The application discloses an X-ray imaging system, comprising: the X-ray detection device comprises a first scanning ray source module and a first detection flat plate, wherein the first scanning ray source module is arranged on an X-axis and used for generating first X-rays along the Y-axis direction, and the first detection flat plate is arranged on the opposite side of the first scanning ray source module and used for receiving the X-rays, converting an X-ray gray-scale signal into a digital signal and transmitting the digital signal to a computer workstation; the second scanning ray source module is arranged on the Y axis and used for generating second X rays along the X axis direction, and the second detection flat plate is arranged on the opposite side of the second scanning ray source module and used for receiving the X rays, converting the X ray gray level signals into digital signals and transmitting the digital signals to the computer workstation; a computer workstation. The method can perform low-dose whole-body positive side two-dimensional plane X-ray examination, does not need to perform three-dimensional reconstruction, has short scanning time and reduces the radiation dose of patients.

Description

X-ray imaging system
Technical Field
The utility model relates to the technical field of X-ray equipment, in particular to an X-ray imaging system.
Background
With the continuous development of technology, the medical examination equipment based on X-rays is also advancing, and the currently mainstream X-ray examination devices comprise DR, CT and C-arm/G-arm.
First, DR is a common device for medical X-ray examination, and generally only a part of an X-ray image of a human body can be taken, and when the DR is used for long bone or multi-bone examination, shan Zhangjin can obtain images within a limited range because of a limited shooting range, and generally multiple images need to be manually taken and then spliced for viewing, so that image dislocation and different sizes are inevitably caused in the process, and errors are caused to examination, such as scoliosis examination and the like.

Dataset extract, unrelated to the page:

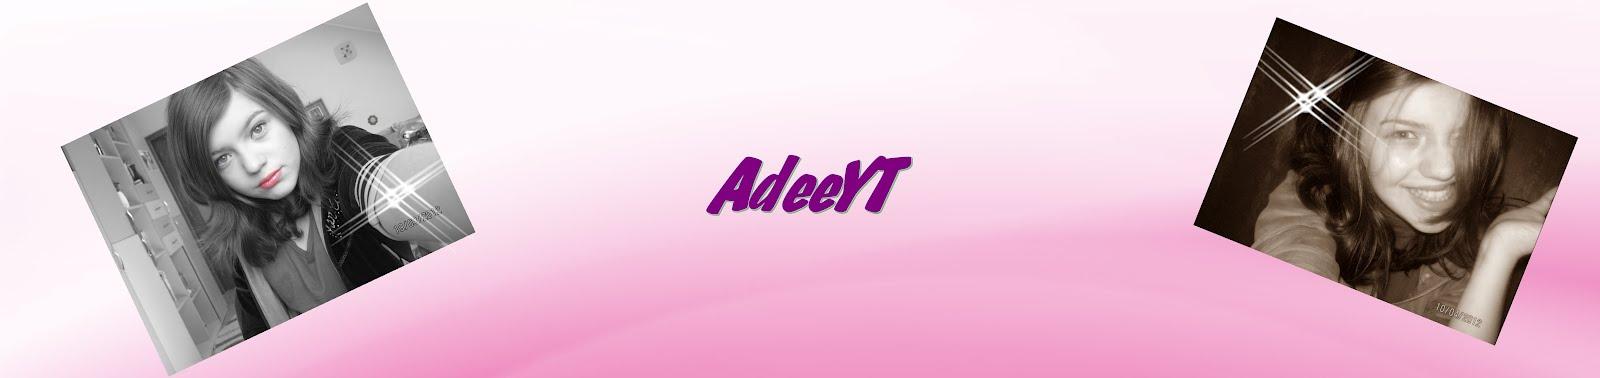 Adee YT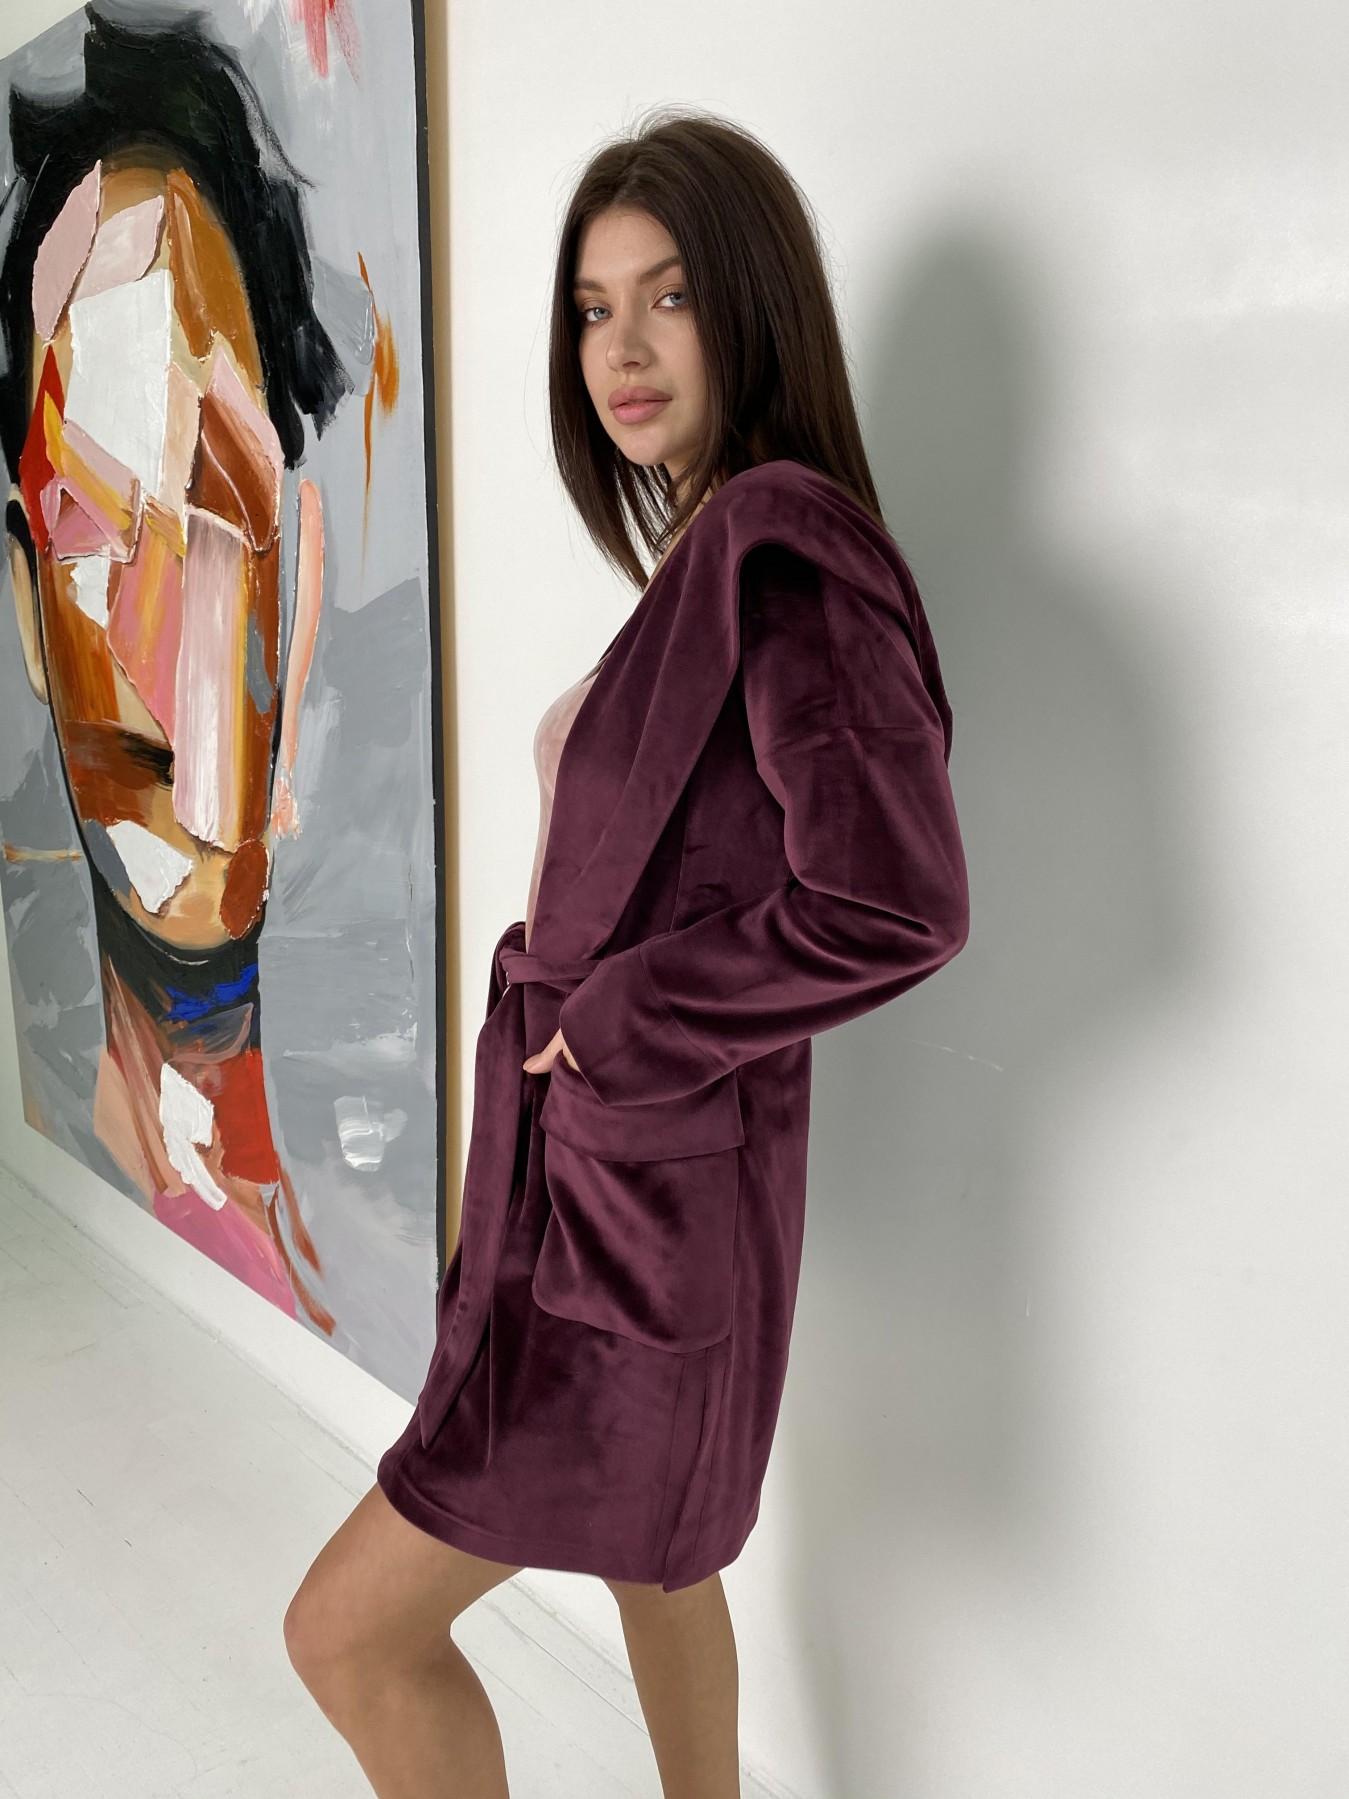 Фабьен халат из  велюровой ткани  10483 АРТ. 46840 Цвет: Марсала - фото 1, интернет магазин tm-modus.ru

For the C arm/G arm, similar to DR, there is also a problem of limited examination area, and most of application scenes are in operating room environment, mainly aiming at intra-operative image examination.
CT can scan the whole body through a whole body three-dimensional scanning, but has larger relative dosage and longer time, for example, the common CT rotates for about 1s or so, and one 3-dimensional reconstruction time is about tens of seconds or more than 1 minute; in addition, CT is generally incapable of scanning a standing position of a human body.
Disclosure of Invention
To solve the above problems, the present application discloses an X-ray imaging system comprising:
the X-ray detection device comprises a first scanning ray source module and a first detection flat plate, wherein the first scanning ray source module is arranged on an X-axis and used for generating first X-rays along the Y-axis direction, and the first detection flat plate is arranged on the opposite side of the first scanning ray source module and used for receiving the X-rays, converting an X-ray gray scale signal into a digital signal and transmitting the digital signal to a computer workstation, wherein the X-axis and the Y-axis form an included angle of 90 degrees in a horizontal plane;
the second scanning ray source module is arranged on the Y axis and used for generating second X rays along the X axis direction, and the second detection flat plate is arranged on the opposite side of the second scanning ray source module and used for receiving the X rays, converting an X ray gray scale signal into a digital signal and transmitting the digital signal to the computer workstation;
a computer workstation.
Optionally, the first scanning ray source module includes a first X-ray source, the rear end of first X-ray source passes through threaded connection with first scanning lead screw, drives first scanning lead screw through first rotating electrical machines and rotates, drives first X-ray source along X axis direction horizontal migration through first scanning lead screw rotation, and the output of first linear driving motor is connected with first rotating electrical machines shell for drive first scanning lead screw along vertical migration.
Optionally, the second scanning ray source module includes the second X ray source, the rear end of second X ray source passes through threaded connection with the second scanning lead screw, drives the second scanning lead screw through the second rotating electrical machines and rotates, drives the second X ray source through the second scanning lead screw rotation and moves along X axis direction level, and the output of second linear drive motor is connected with the second rotating electrical machines shell for drive second scanning lead screw and move along vertical.
Optionally, the computer workstation comprises a host and man-machine interaction equipment, and the host is in communication connection with the first detection flat plate and the second detection flat plate and is used for receiving patient information and processing, storing and managing images; the man-machine interaction equipment is in communication connection with the host computer and is used for image display, parameter adjustment and scanning control.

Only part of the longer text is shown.